The set composed of the 13 scores corresponds to the input that feeds the neural network. The secondary structure assigned by DSSP is taken as the expected output of the neural network. According to the artificial intelligence theory, a neural network is able to learn from these input/output values to predict the secondary structure of future unseen amino acid sequences.

2.4 Obtaining the neural network

A neural network was designed to learn the training dataset and eventually predict secondary structure for unseen residues. The network was composed of three layers (input, hidden, and output). The input layer has 13 units; each unit corresponding to a score calculated by the prediction programs. The hidden layer is composed of five units. The number of neurons in the hidden layer was obtained by using the BIC criterion (Bayesian Information Criterion). The output layer has three neurons (a-helix, b-sheet, and "other"). The output of the network is 1 0 0 when the input corresponds to a helix, 0 1 0 for a sheet, and 0 0 1 when the input is neither a helix nor a sheet. Figure 1 shows the topology of the neural network.

The backpropagation learning algorithm was used. The number of iterations in the learning process was optimized to 200 to save time without losing the learning performance of the network. A logistic function was used as the activation function.

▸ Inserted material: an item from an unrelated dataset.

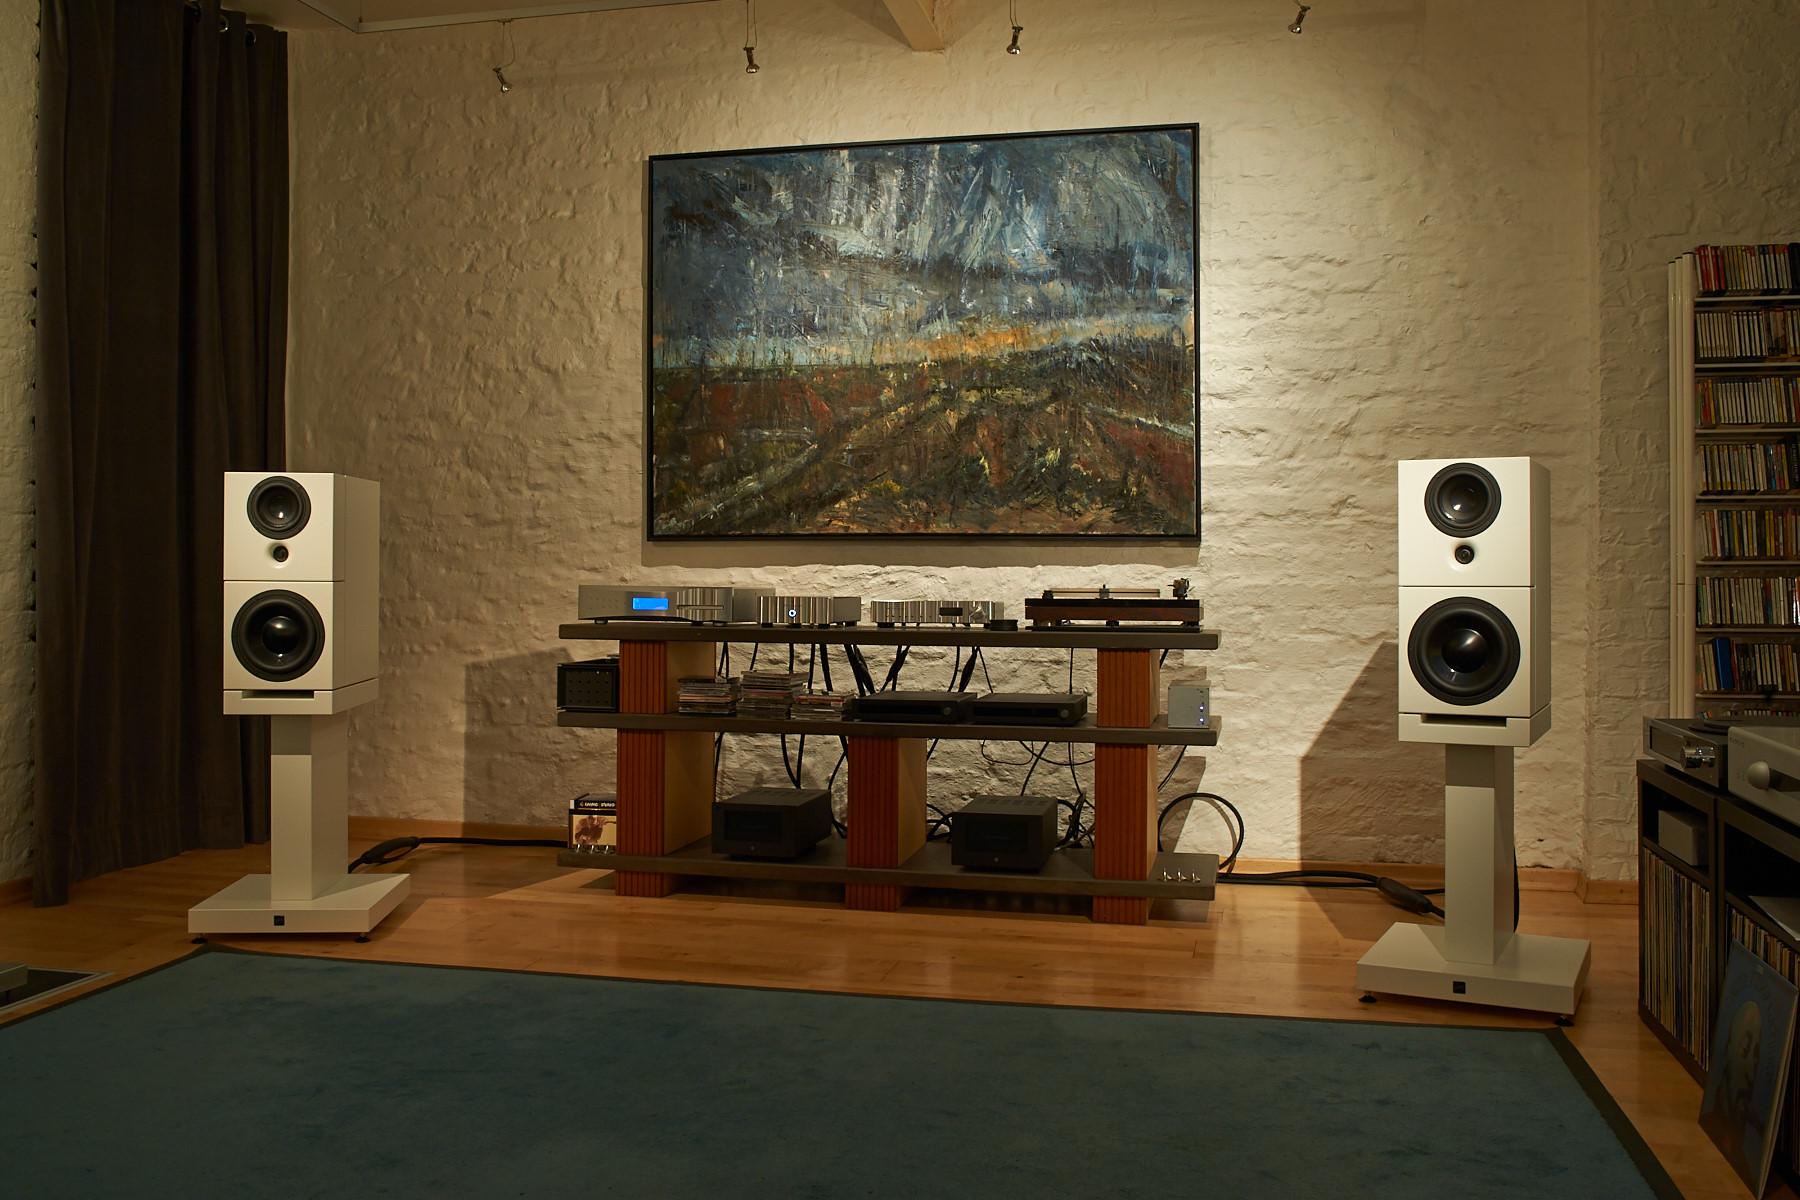 Sehring Audio System 900, Modell 901 STB - Der Monitor auf Bassmodul 1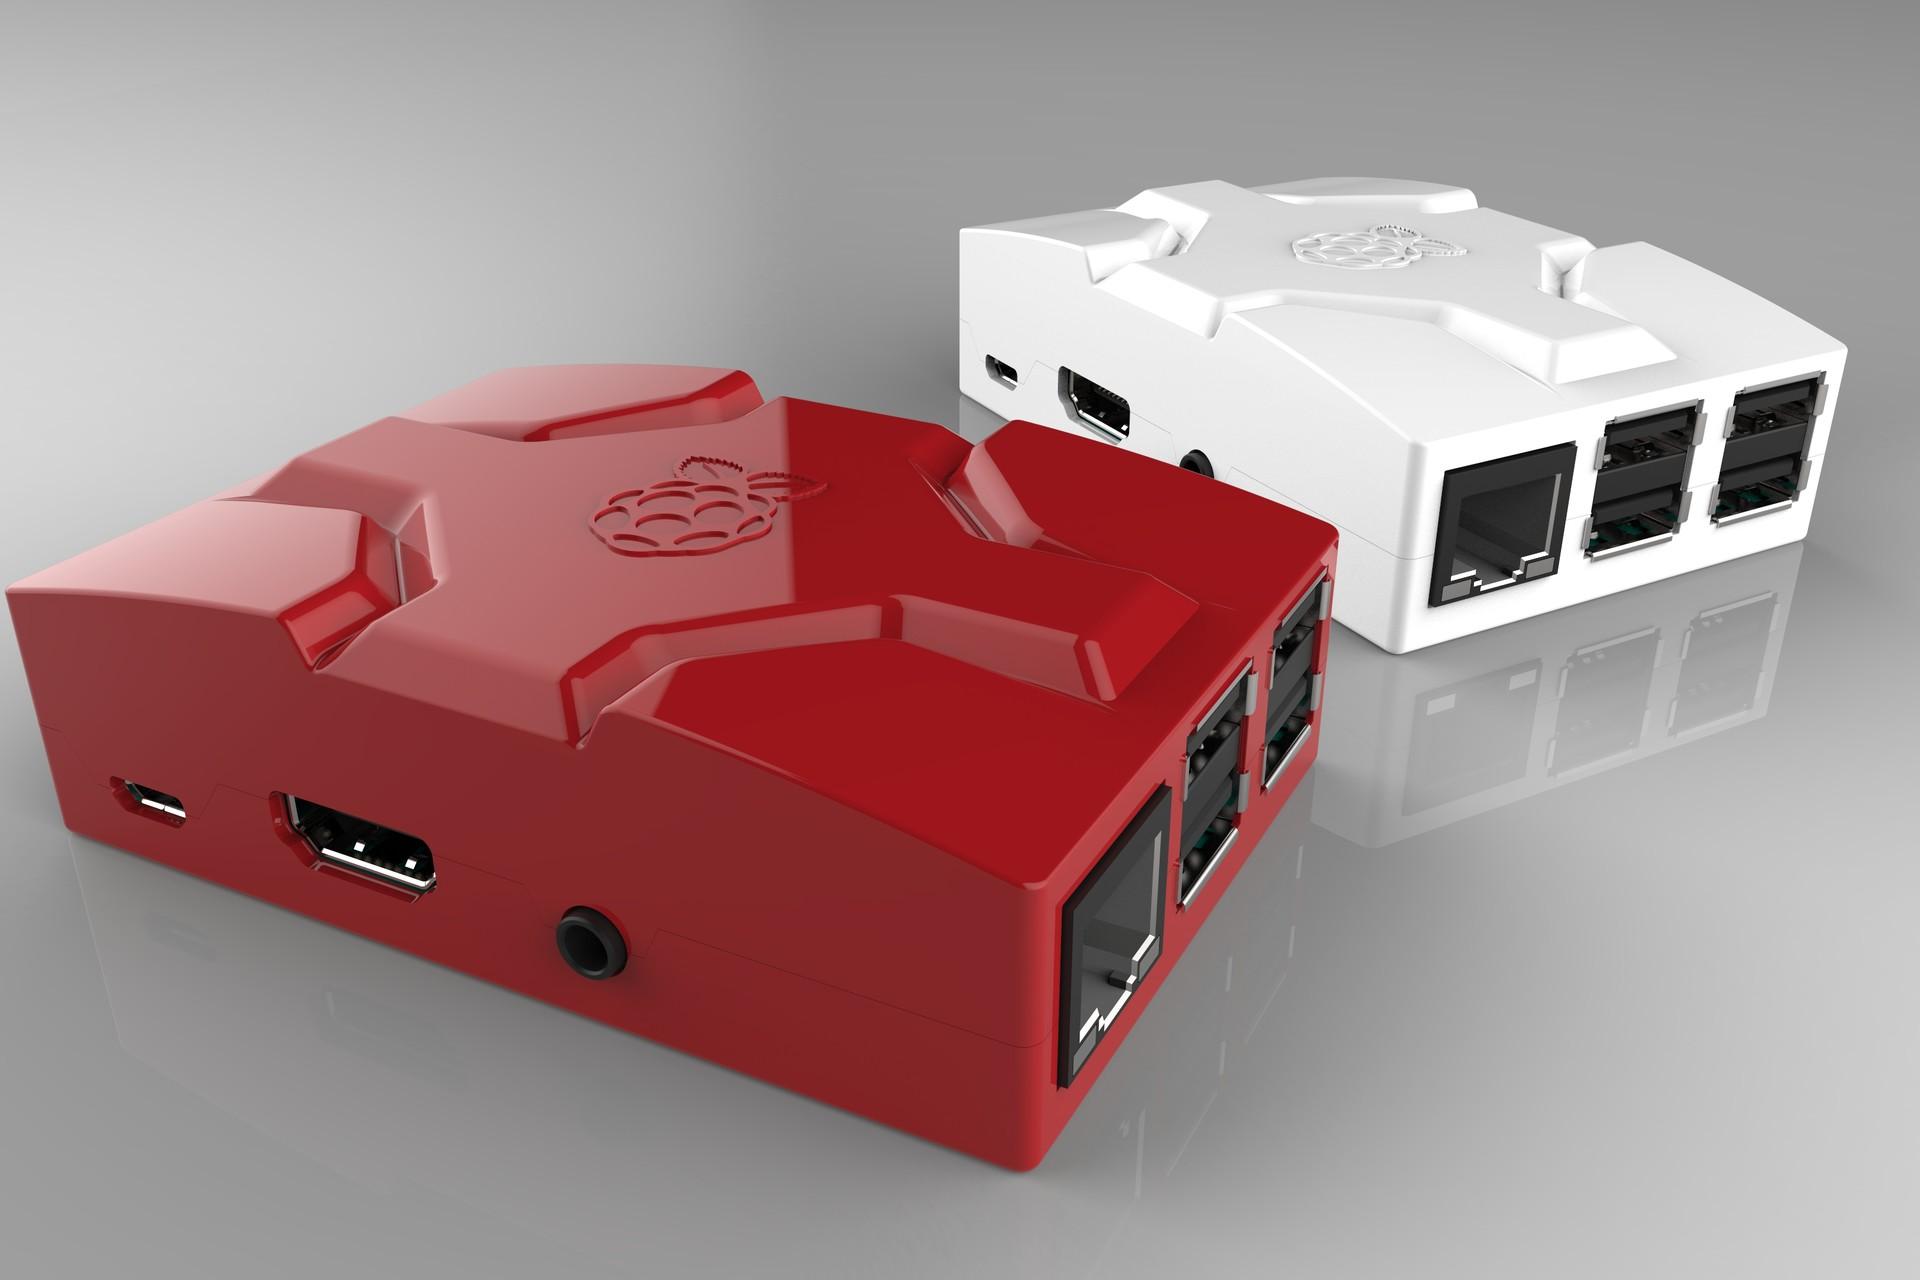 Dmitrii Buriachek - PCB enclosure design Raspberry Pi B+

In the training process, the whole proteins in the training set were presented to the neural network.

The neural network can be used as a secondary structure predictor by feeding the inputs with the 13 values of a given uncharacterised amino acid sequence. Although there are many secondary structure predictors following the consensus strategy, none of them uses numerical values from the experts as inputs to the neural network.

2.5 The NN-Pred program

Once the neural network is obtained, a new strategy to predict protein secondary structure is achieved. The neural network was implemented as a program that allows users to submit an amino acid sequence and make the prediction based on the consensus strategy proposed in this paper. The program is called NN-Pred and it is available for academic purposes from the authors upon request.

2.5.1 Case study

A user can input a single sequence or multiple sequences. The NN-Pred program allows running five secondary structure prediction programs: Chou-Fasman, GOR, SIMPA96, PREDATOR, and DSC. In addition, there is an option that includes the consensus decision. In the case study, dataset 1 was used to train and validate the neural network. As can be seen in Figure 2, the user can easily compare the results from all of the predictors. When the consensus prediction is selected, the neural network model is used to calculate the output. As an advantage, the program allows users to compare results with the DSSP output values. The program also presents the DSSP assignment for each residue. Finally, the Q3, CH, CE, and CN values for each individual prediction program and the consensus decision are also presented. NN-Pred has an easy-to-use interface, which is a helpful tool for comparing the secondary structure prediction programs included in this version of the software.

In this case study, the Q3 measure was calculated to compare the individual methods and the consensus strategy. The structure assigned by DSSP program is taken as the actual secondary structure. Table 3 shows the Q3 values. The values presented for the existing methods were calculated for the specific case study and thus, they may differ from the theoretical accuracy.

The highest accuracy is reached by the NN-Pred consensus strategy. As can be seen in Table 3, the individual methods are not as accurate as the neural network proposed in this paper.

3. RESULTS

In a first experiment, the accuracy of the consensus neural network included in the NN-Pred program was obtained using the dataset 2. Dataset 2 is composed of 360 residues distributed in 120 helixes, 120 sheets, and 120 amino acids whose secondary structures were neither helix nor sheet. The experiment can be carried out following the methodology explained in Section 2. The source codes of the five structure prediction programs (i.e., GOR, Chou-Fasman, DSC, PREDATOR, and SIMPA) have to be modified. Each predictor calculates a set of internal values before a final prediction is made. Table 2 can be used to define the specific values to be obtained from each predictor. Then, the topology shown in Figure 1 has to be achieved. A neural network simulator can be used to obtain a network with thirteen (13) neurons in the input layer, five (5) neurons for the hidden layer, and three (3) neurons for the output layer. The logistic activation function and the backpropagation learning algorithm should be used. Finally, every residue in the dataset 2 has to be input for the individual predictors in order to obtain the 13 values. These values are used to feed the neural network. When the learning process is completed, a set of weights are obtained, which are used to predict the secondary structure of unseen residues.

The accuracy values of the consensus strategy using the dataset 2 are shown in Table 4. The Q3 and C values reach 100% in training. The previous result shows that the topology used is appropriate for secondary structure prediction. Besides, a test set was presented to the network by using the weights calculated in training. The Q3 and C values for the test set are also shown in Table 4. According to the results, unseen sequences reduce the accuracy of the model. However, the Q3 and C values are still acceptable compared with some of the existing methods.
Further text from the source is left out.